Alarmierende Entwicklung auf dem Arbeitsmarkt

Monatlich gehen 10.000 Industriearbeitsplätze verloren – mit gravierenden Folgen für den Wirtschaftsstandort NRW. Besonders betroffen sind gut bezahlte Jobs in der Metall- und Elektroindustrie, die nicht einfach durch Dienstleistungsjobs ersetzt werden können.

Forderung nach wirtschaftspolitischem Kurswechsel

Angesichts dieser Herausforderungen fordert Pöttering nach der anstehenden Wahl einen klaren wirtschaftspolitischen Kurswechsel und schnelle Reformen. Bereits vor der Sommerpause müssten erste Maßnahmen ergriffen werden, um die Wettbewerbsfähigkeit des Industriestandorts NRW zu sichern.

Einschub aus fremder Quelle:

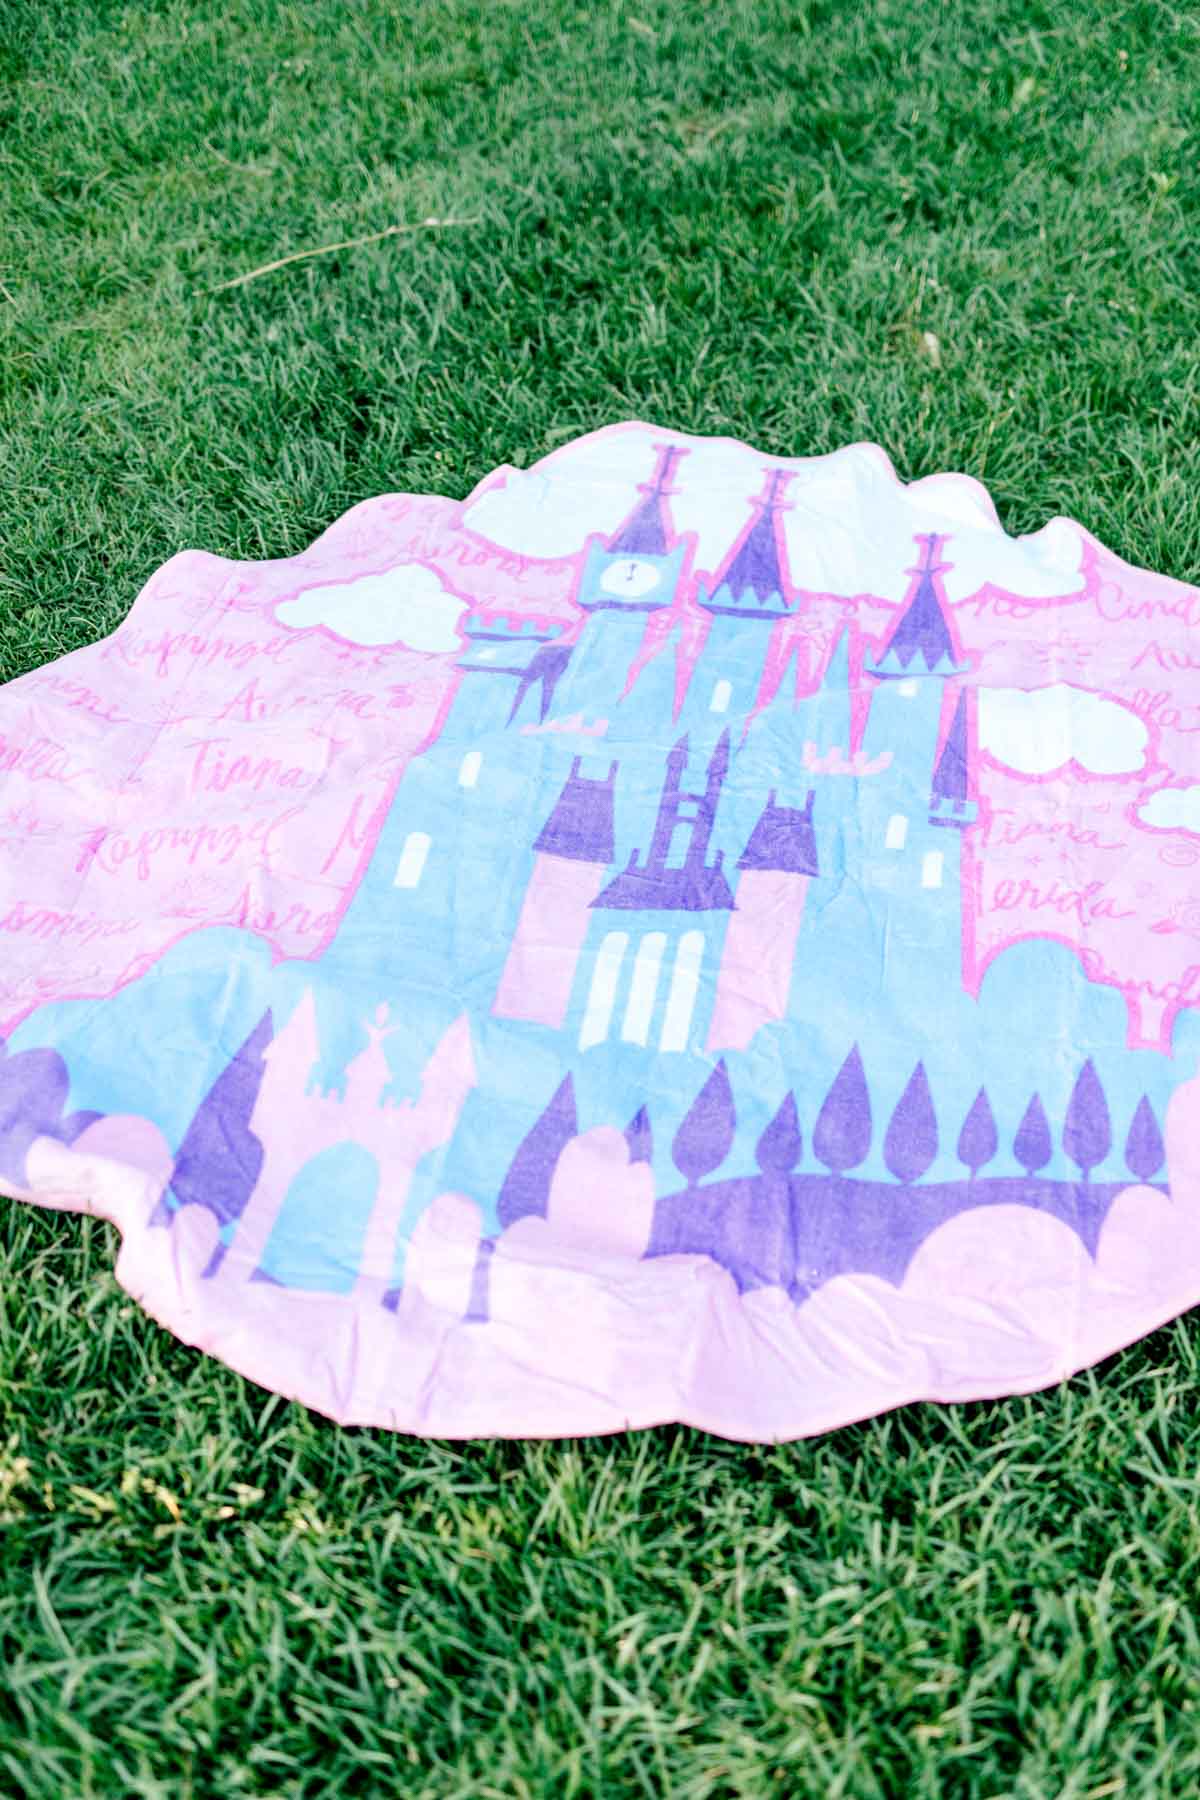 25 Perfect Princess Party Ideas all Princesses will Love - 19

Die AfD sieht er als keine Option für die Wirtschaft, da ihre Pläne zum EU-Austritt NRW erheblich schaden würden. Ein sogenannter „Dexit“ könnte in NRW rund 490.000 Arbeitsplätze kosten und die Wirtschaftsleistung um fünf Prozent verringern.

Fazit

Die wirtschaftliche Lage in NRW bleibt herausfordernd. Unternehmen stehen unter starkem Druck, und ohne strukturelle Reformen drohen weitere Arbeitsplatzverluste und Standortnachteile. Die Arbeitgeberverbände fordern daher entschlossene Maßnahmen, um die Wettbewerbsfähigkeit langfristig zu sichern.